Гордая мама свернула с коляской в сторону парка и продолжила прогулку. Вот незадача, такой ветер, а у Анюськиной коляски нет козырька. Надо бедняжку прикрыть, не то простудится… Вот они и у песочницы, этой Мекки всех веселых ребятишек. И мамочки вокруг, с полным набором бутылочек с соком, баночек с детским питанием и запасных подгузников. А уж советуют, а уж верещат, а уж кричат. Польские мамы, вскормленные на мифах о Марии и Младенце. Сеют в животах святое семя и потихоньку его убирают. Грех, если нет ребенка, грех, если рожденного не окрестить. Польские мамы окропляют кричащих младенцев, наряженных в белые кружавчики, и платят ксендзу за избавление от ада.

Другие женщины записываются в Добровольную службу молодых матерей и еще до родов устанавливают наблюдение за каждой беременностью.

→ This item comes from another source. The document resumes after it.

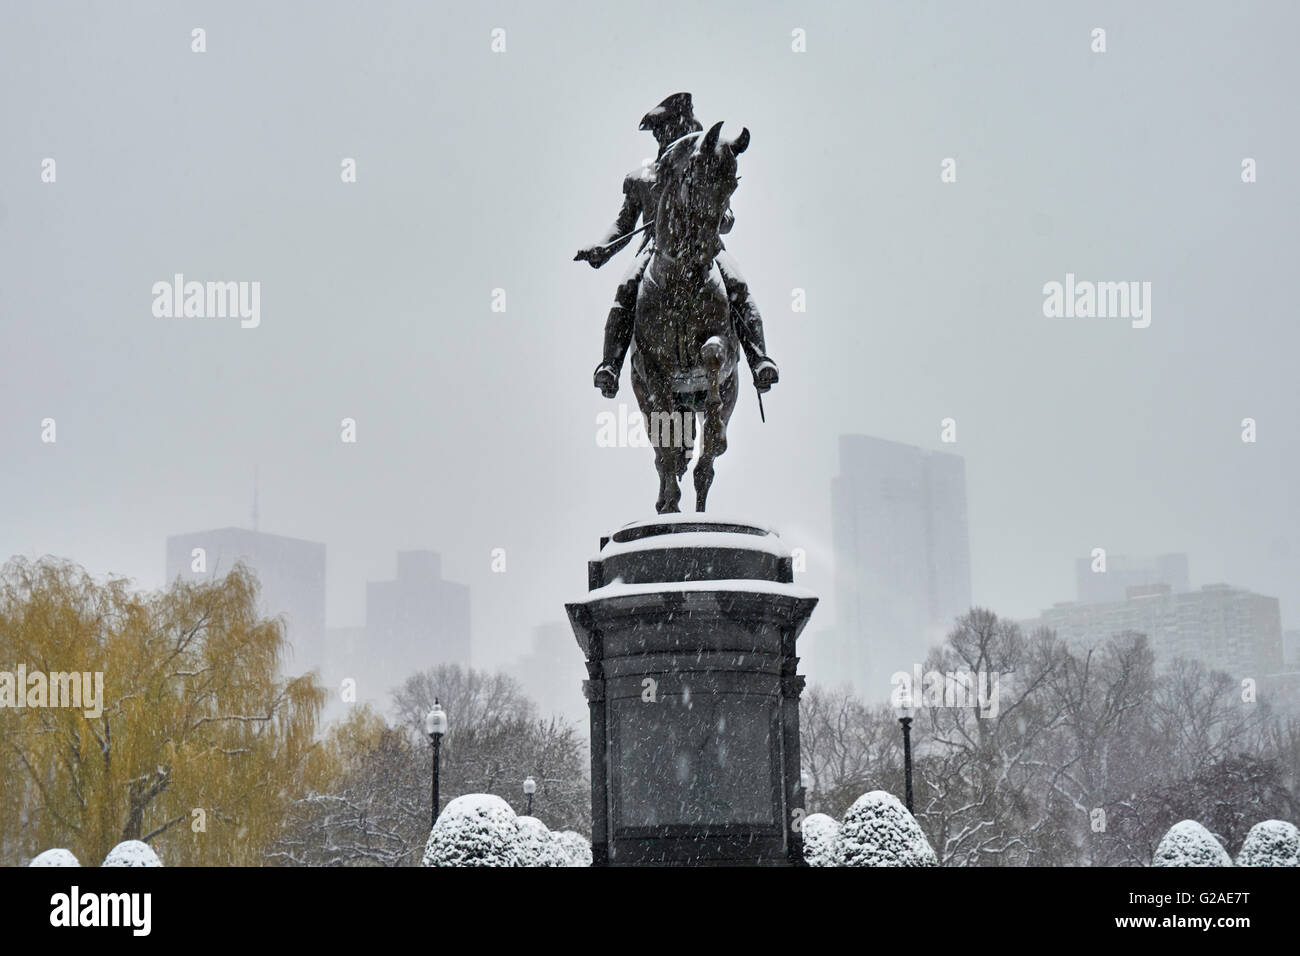 Statue of George Washington on horse in winter Stock Photo

Ешь йогурт, и у ребенка не будет ни на что аллергии, что вы, только не йогурт, тогда у ребенка будет аллергия на белок. Рожать лучше под музыку Моцарта и с мужем, какой муж, зачем нужен муж, как увидит твою вагину, убежит в ужасе. Как ты одеваешь ребенка? Перегреешь, простудишь. В шапочке, без шапочки, не бери на руки, если плачет, не то привыкнет к любви. Дай отрыгнуть после кормления, корми грудью до двенадцати лет, если не хочешь травмировать ребенка. За послеродовую депрессию ждет наказание: сто отжиманий. За плач в ванной и молитву о смерти получишь ремнем по заднице от уполномоченного по правам ребенка. За вырывание волос у себя из головы на пятом часу ночной истерики ребенка (зубки режутся), за перерезание вен после долгих лет сидения в четырех стенах — заключение в Исправительном учреждении. Возьми себя в руки и радуйся ребенку.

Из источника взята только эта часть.